*YOUR ASSIGNMENT:*
In full and word for word, copy the listing; no pictures belong in the copy.

*PROVIDED DATA:*
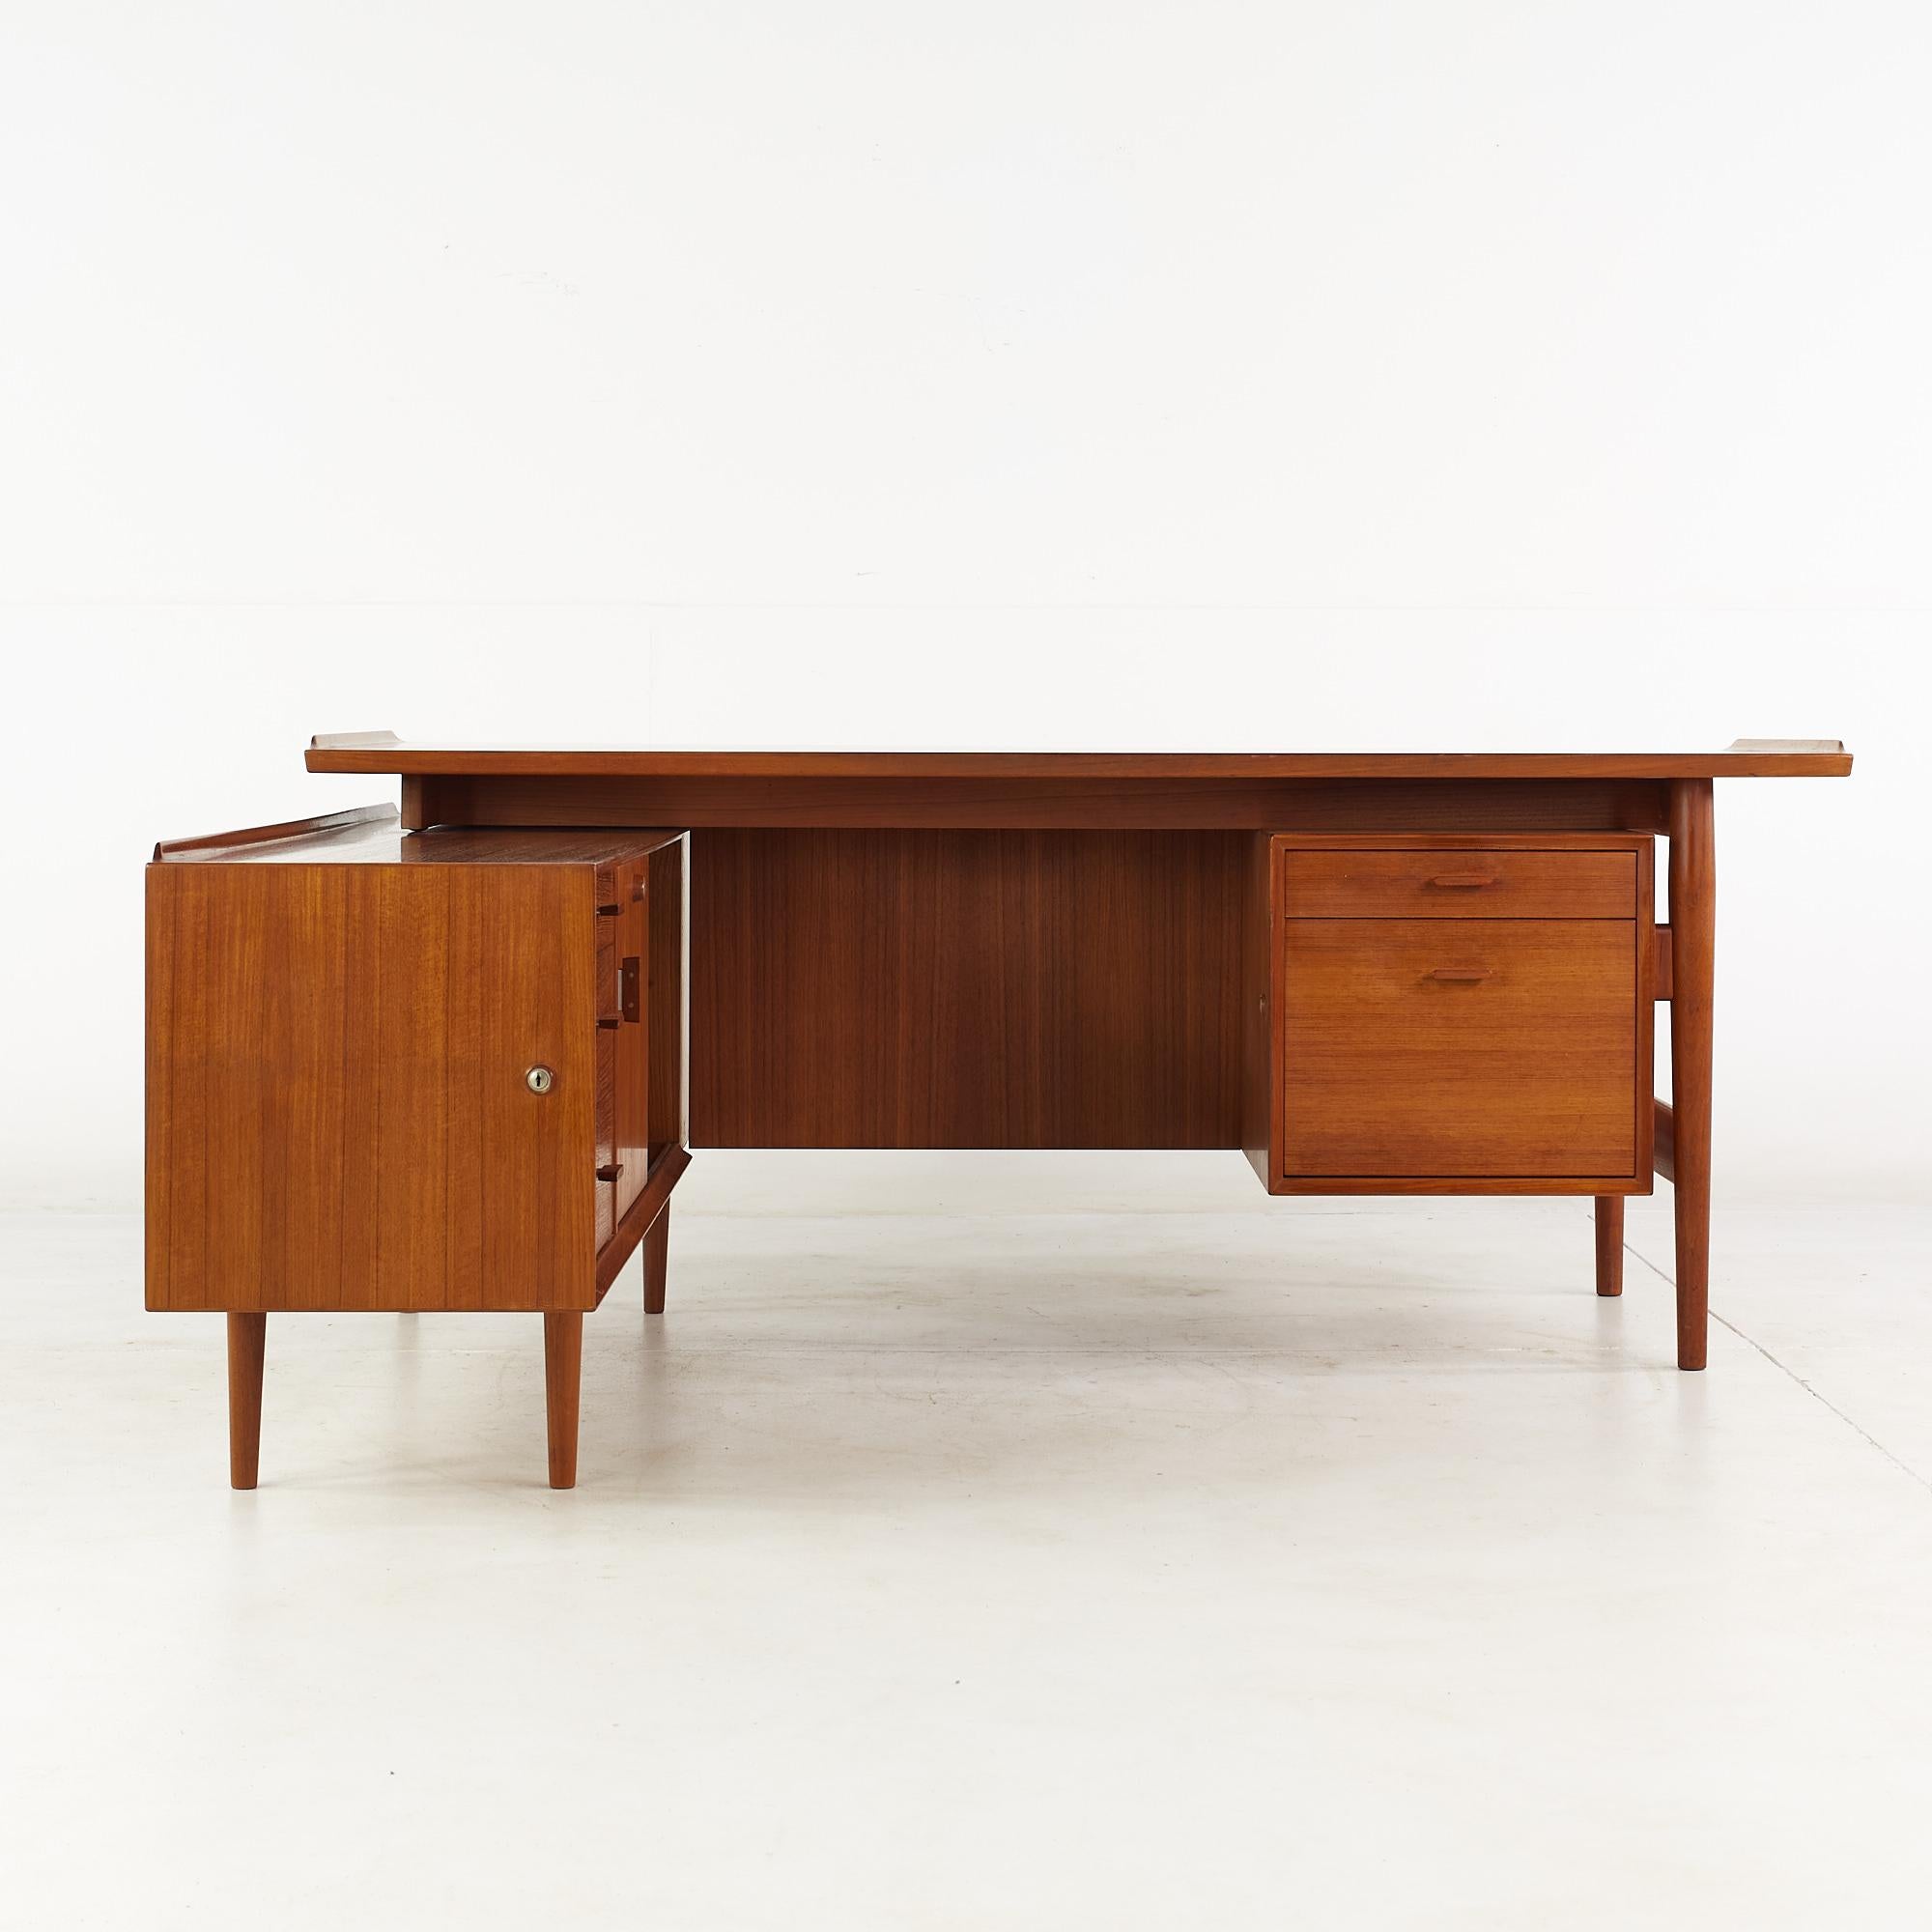 Arne Vodder for Sibast Mid Century Danish teak l shaped executive desk

This desk measures: 70.5 wide x 31 deep x 29 high, with a chair clearance of 27 inches
The return measures: 65 wide x 16.75 deep x 25 inches high

All pieces of furniture

*TASK RESULT:*
 Arne Vodder for Sibast Mid Century Danish teak l shaped executive desk

This desk measures: 70.5 wide x 31 deep x 29 high, with a chair clearance of 27 inches
The return measures: 65 wide x 16.75 deep x 25 inches high

All pieces of furniture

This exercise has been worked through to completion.